Until the beginning of 2020, Maxell still produced UR ferric-oxide-based cassettes for the international market. Maxell has since stopped distributing their UR cassettes outside of Japan.[citation needed] However in 2023 Maxell has started producing and selling UR cassettes outside of Japan on online marketplaces such as Amazon. [citation needed]
Since November 2006 the Taiwanese Ritek corporation became exclusive producer of Maxell CD-Rs and DVDs.[11]
Maxell now assumes responsibility for all Hitachi-brand and Maxell-brand LCD projectors and laser projectors, as well as the Lecture Capture Collaboration Station.[12] Maxell projectors are available in a range of lumens, resolutions, sizes, and colors for classrooms, conference rooms, houses of worship, and venues.
In the 1980s, Maxell became an icon of pop culture when it produced advertisements popularly known as "Blown Away Guy" for its line of audio cassettes. The campaign began as a two-page advertising spread in Rolling Stone magazine in 1980. The photo shows a man sitting low in a (Le Corbusier Grand Confort LC2[13]) high armed chair (on the right side of the spread) in front of, and facing, a JBL L100 speaker (the left side of the spread). His hair and necktie, along with the lampshade to the man's right and the martini glass on the low table to the man's left, are being blown back by the tremendous sound from speakers in front of him—supposedly due to the audio accuracy of Maxell's product. The man is shown desperately clinging to the armrests but defiantly looking ahead at the source of the music through sunglasses.

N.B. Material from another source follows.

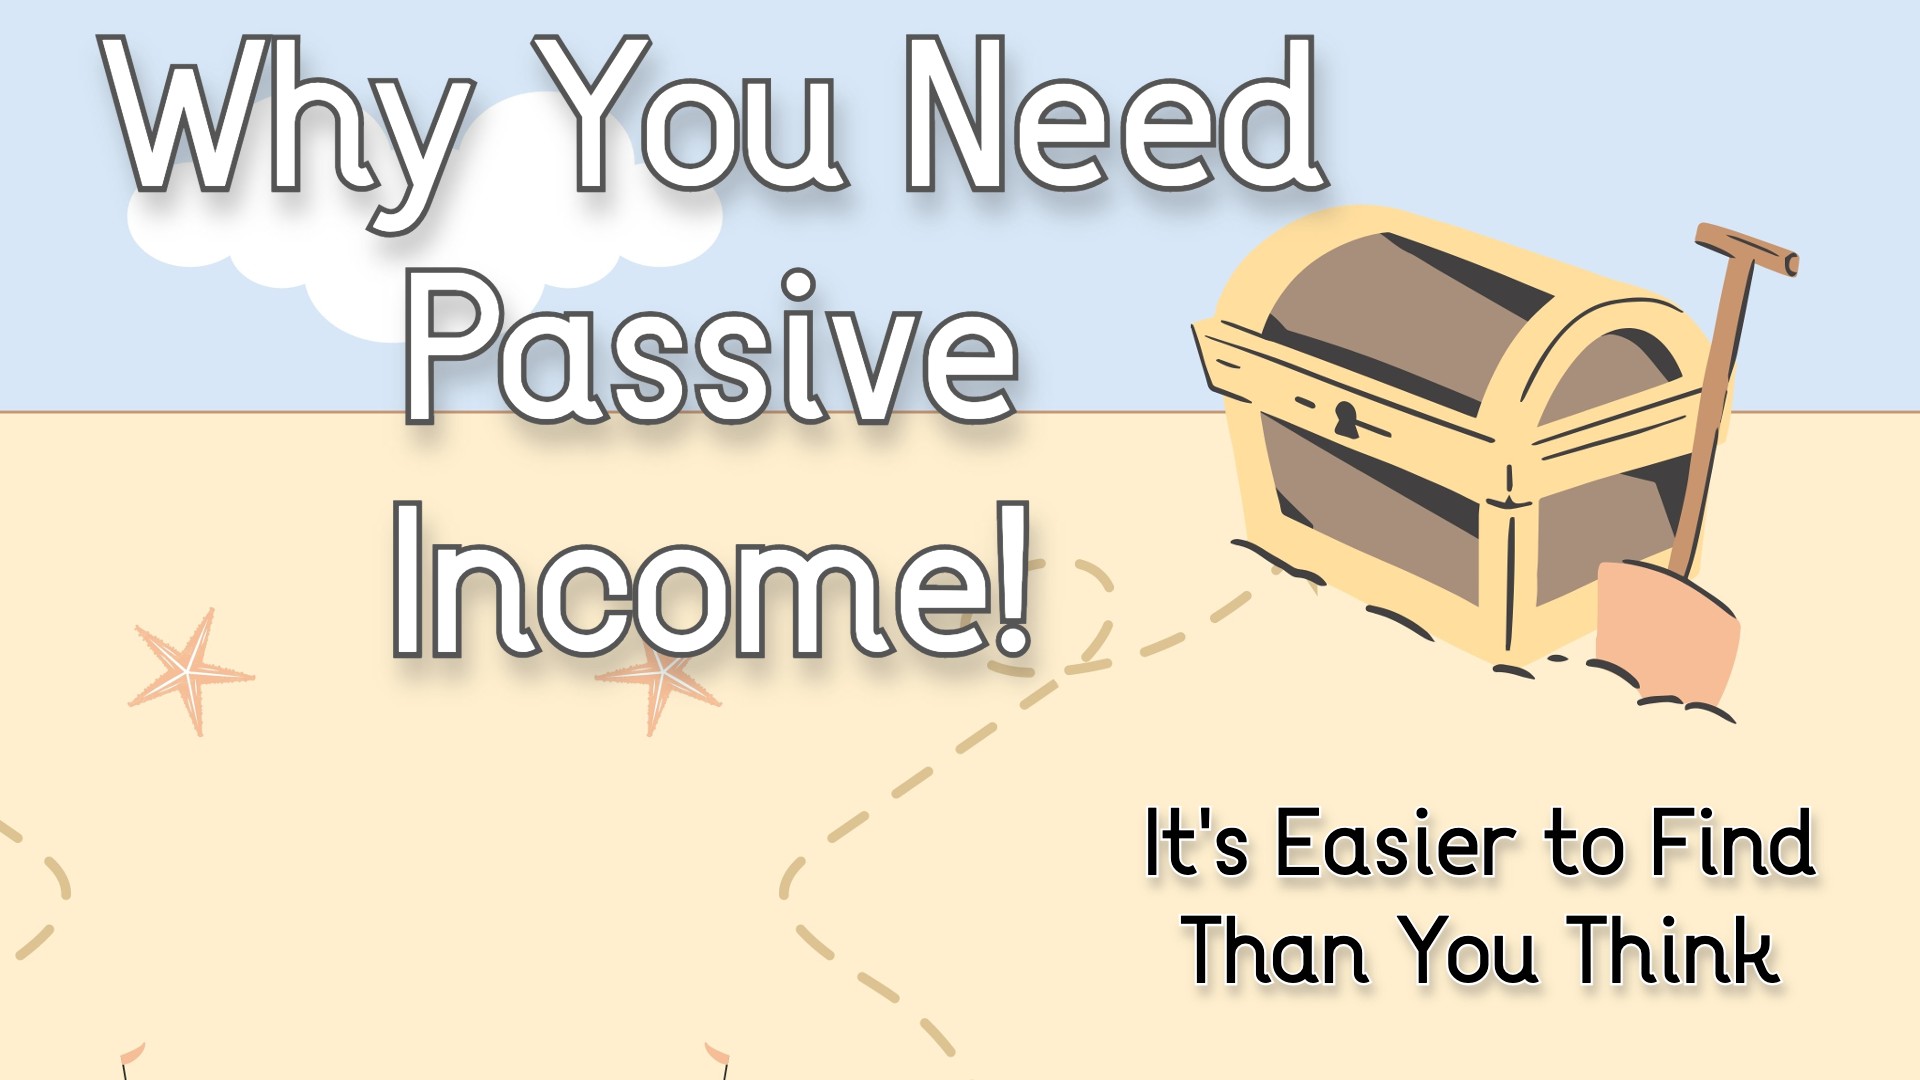 Why You Need Passive Income

The ad campaign was conceived by Art Director Lars Anderson. Steve Steigman was the photographer. Steigman wanted a male model with long hair in order to show the effect of the wind, but when such a model could not be found on the day of the shoot, they used the makeup artist who was hired for the shoot, Jac Colello.[14]
The same concept was used for television spots in 1981 which ran throughout the 1980s. These commercials showed nearly the same image as the print ad, but with the chair, a drink and nearby lamp all being pushed away from the stereo by the strong force of the sound waves, though the man calmly catches his drink before it slides off the end table.[15] Richard Wagner's "Ride of the Valkyries" was used for music. A separate ad was filmed for the United Kingdom, with musician Peter Murphy of the group Bauhaus as the man in the chair, and "Night on Bald Mountain" by Modest Mussorgsky as the music.
The "blown away guy" image became quite popular, and has been copied and parodied numerous times, including in the 1992 John Ritter film Stay Tuned (where a character's head is blown off by a "Max-Hell" tape), in the 1995 episode "Marge Be Not Proud“ of the animated Sitcom the Simpsons, in the 2005 episode "Model Misbehavior"[16] of animated sitcom Family Guy, and in the 2010 movie Jackass 3D, where Ryan Dunn sits in a chair while the blast from a jet engine sends the set blowing away. The comic strip Bloom County also parodied the ad in showing one of its characters, Milo Bloom, at home watching MTV.[17]
In 2005, Maxell revived the "Blown Away Guy" ad campaign. As Maxell now made blank DVDs and CDs, headphones, speakers, and blank audio and video tape, the ads were updated with photos of iPods and accessories underneath the image. "Get blown away" was the headline, while the copy urged consumers to use Maxell accessories to "make your small iPod sound like a huge audio system".